Revisiting the Adobe Password Breach and the Risk to Your Network

By John Carruthers ·

Although the Adobe password breach happened back in October 2013, organizations could still be vulnerable from the data leaked in the attack. The breach data holds three fields that are of value to the attacker: email address, encrypted password and the (unencrypted) password hint the user set. Of the 153 million records leaked, over 130 million contain non-empty passwords, and 56 million are unique.

How an Attacker Uses the Breach Data

Although Adobe did encrypt their passwords with 3DES, an attacker can still glean the plaintext.

Step 1) The attacker searches for companies of interest using the domain name in the email address. In this example, the attacker identifies yourcompany.com.

Step 2) The attacker searches for every password that matches from the entire database.
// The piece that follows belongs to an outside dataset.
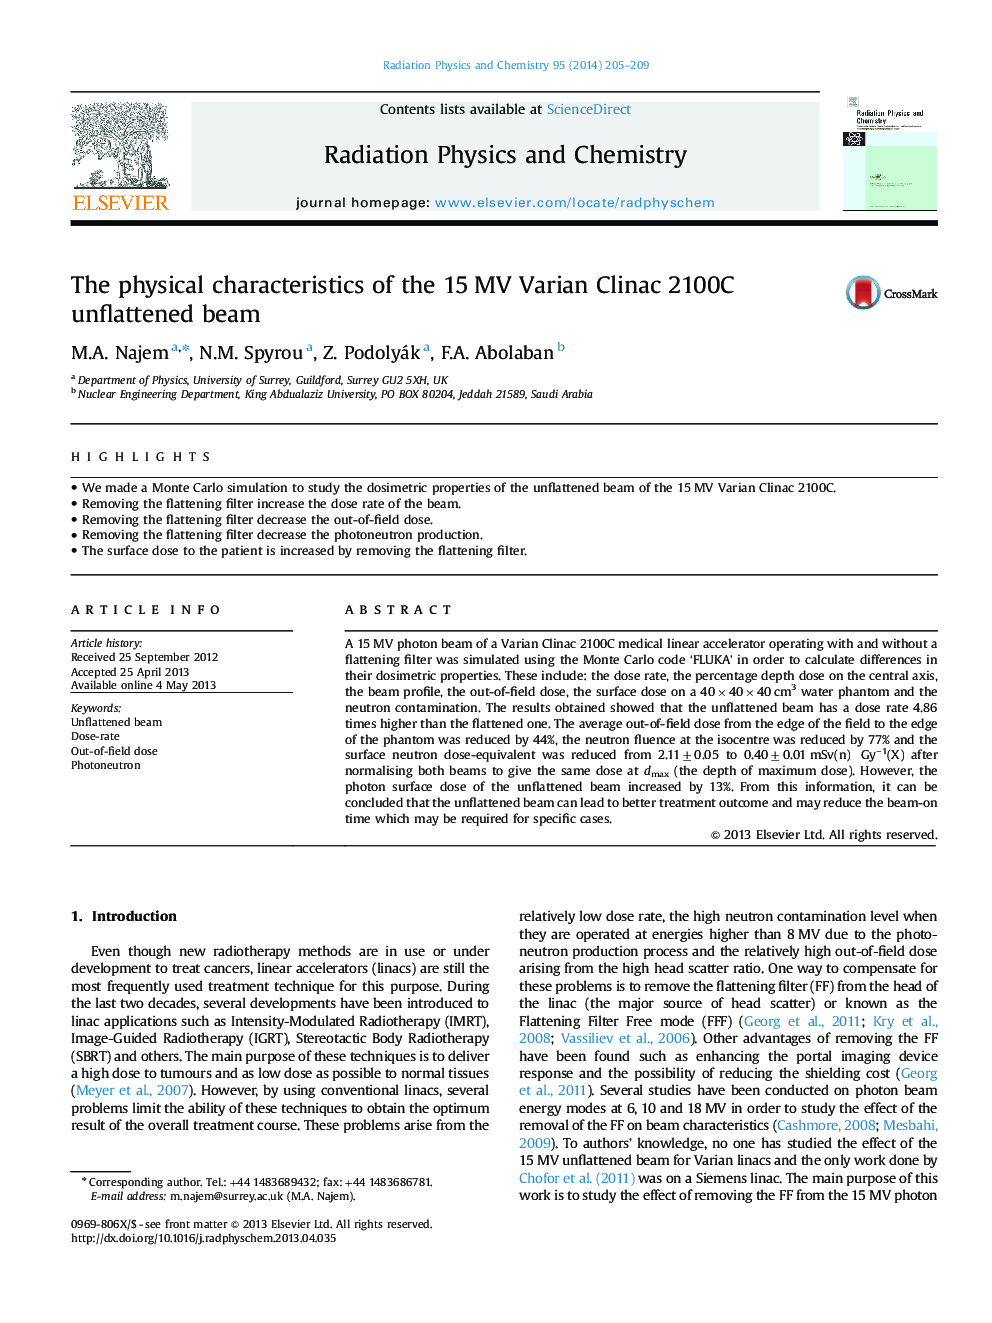 The physical characteristics of the 15 MV Varian Clinac 2100C unflattened beam

Below, our attacker finds six accounts that all have the same password.

Step 3) The attacker can now see every user’s hint for that one encrypted password. After a bit of thinking, the attacker could guess what the password was. In this example, it is most likely Marilyn, although it may or may not be capitalized.

Using this methodology, the vulnerability to your organization lies in the following weakness:

  • The compromised account still exists on your network.
  • The user sets the same password for Adobe and your company’s internal infrastructure.
  • The attacker has a way to log into externally facing web applications such as email, corporate VPN, ftp, etc.

The attacker could also use the information as inside knowledge while engaging in social engineering campaign.

Recommendations

Although Adobe’s done a good job in their response to the breach, issuing notifications to each email address contained in the leak, it would be up to each user in your organization to receive that email, read and understand that email and comply with instructions on changing passwords. A user that already engages in password reuse will most likely not comply with these instructions.

Two things you can do immediately to secure your organization:

  • 1.  Download and review the leaked data for any accounts using your company domain names. Once they are found, ensure the user resets their password.
  • 2.  Deploy a two-factor authentication system for externally accessible systems such as email and VPN.